Publication type: Clinical Trial; Multicenter Study; Research Support, Non-U.S. Gov't
OBJECTIVE: To assess the long-term safety and antihypertensive efficacy of aliskiren/valsartan 300/320 mg combination. METHODS: This was a 54-week, multicenter, open-label study (core phase), followed by a 26-week extension phase. Efficacy variables were change in msDBP and msSBP from baseline to endpoint (54-week and 80-week). Safety was assessed by monitoring and recording adverse events (AEs). ClinicalTrials.gov Identifier: NCT00386607 RESULTS: A total of 601 patients (msDBP >/= 90 and <110 mmHg) entered the 54-week core study. Optional add-on HCT was allowed at week 10 onwards if BP was >/= 140/90 mmHg at two consecutive visits. Of the 486 patients completed the core study, 180 patients entered the extension phase and received aliskiren/valsartan and add-on HCT (12.5 or 25 mg). Overall the combination of aliskiren/valsartan was well-tolerated and the majority of AEs were mild-to-moderate in severity. The incidence of SAEs was low (core phase: n = 22 [3.7%]; extension phase: n = 4 [2.2%]). Elevated serum potassium (>5.5 mmol/L at any time during the study) was observed in 21 (3.6%) patients. The majority of these elevations were transient and returned to normal in subsequent visits, and the discontinuation rate due to elevated serum potassium was low (0.3% [n = 2]). Decreased serum potassium levels (<3.5 mmol/L at any time during the study) was observed in 26 (4.4%) patients, mainly in patients receiving aliskiren/valsartan/HCT (n = 22; 7.1%).

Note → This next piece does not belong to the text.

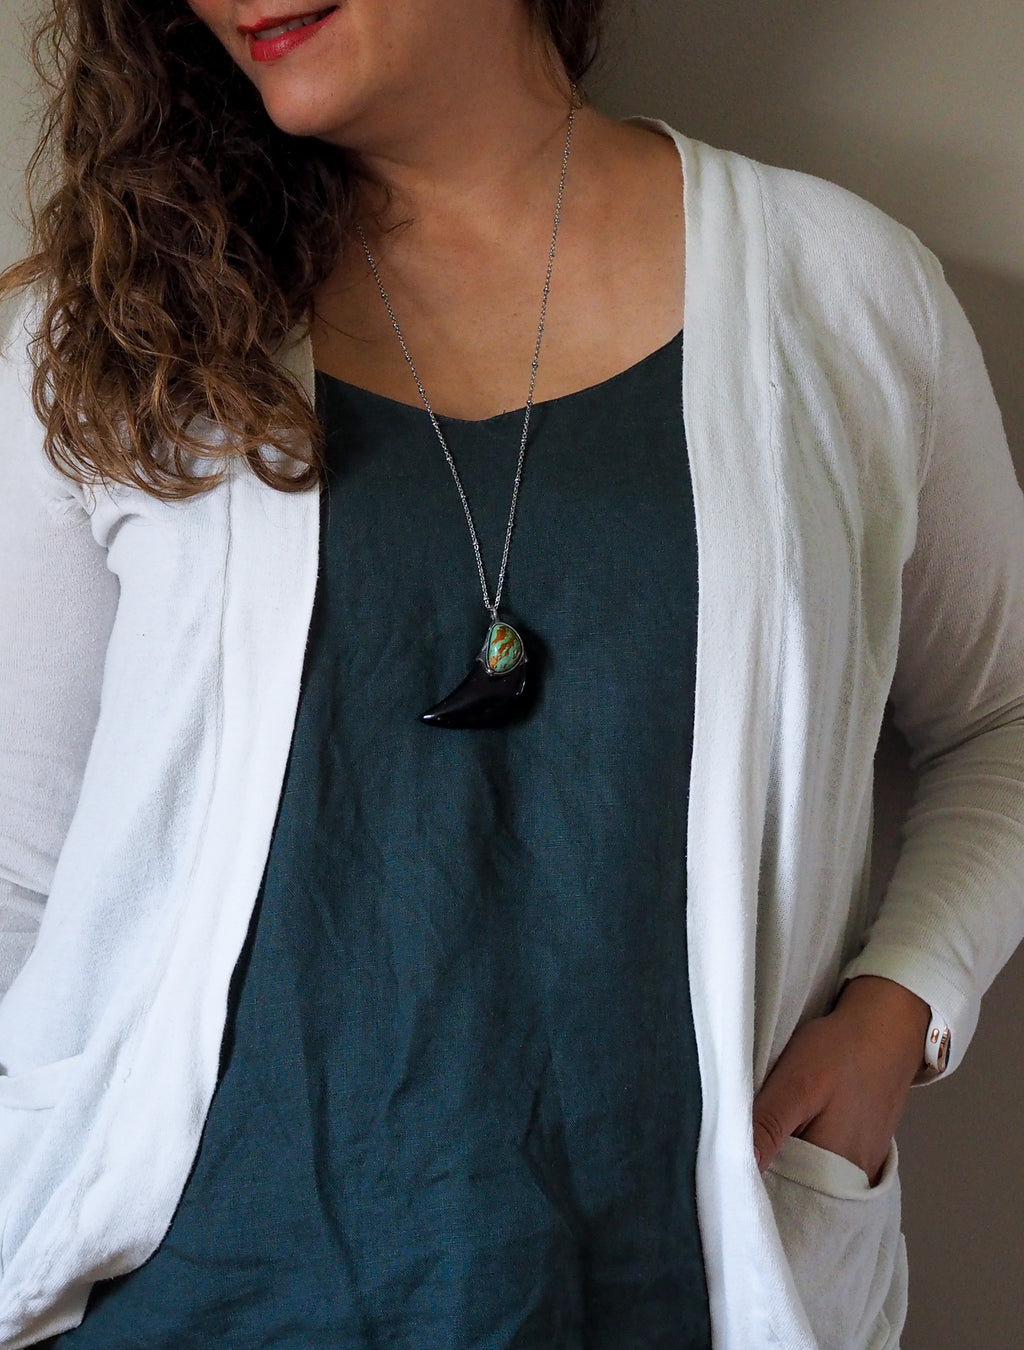 black and blue healing crystal talisman necklace on woman in blue top

At the 54-week endpoint, a mean BP reduction of 20.5/13.4 mmHg from baseline (baseline BP: 152.9/97.0 mmHg) was observed and 66.9% (n = 398/595) of patients achieved BP control with aliskiren/valsartan with or without HCT. At the end of the extension phase (80-week endpoint), additional reduction in BP was obtained (overall, 28.8/18.3 mmHg) and 86.6% (n = 155/179) of patients achieved BP control with aliskiren/valsartan/HCT. A limitation is the absence of an active comparator group. Conclusion: Long-term treatment with the combination of aliskiren/valsartan with or without HCT provided clinically meaningful BP reductions and high rates of BP control and was well-tolerated.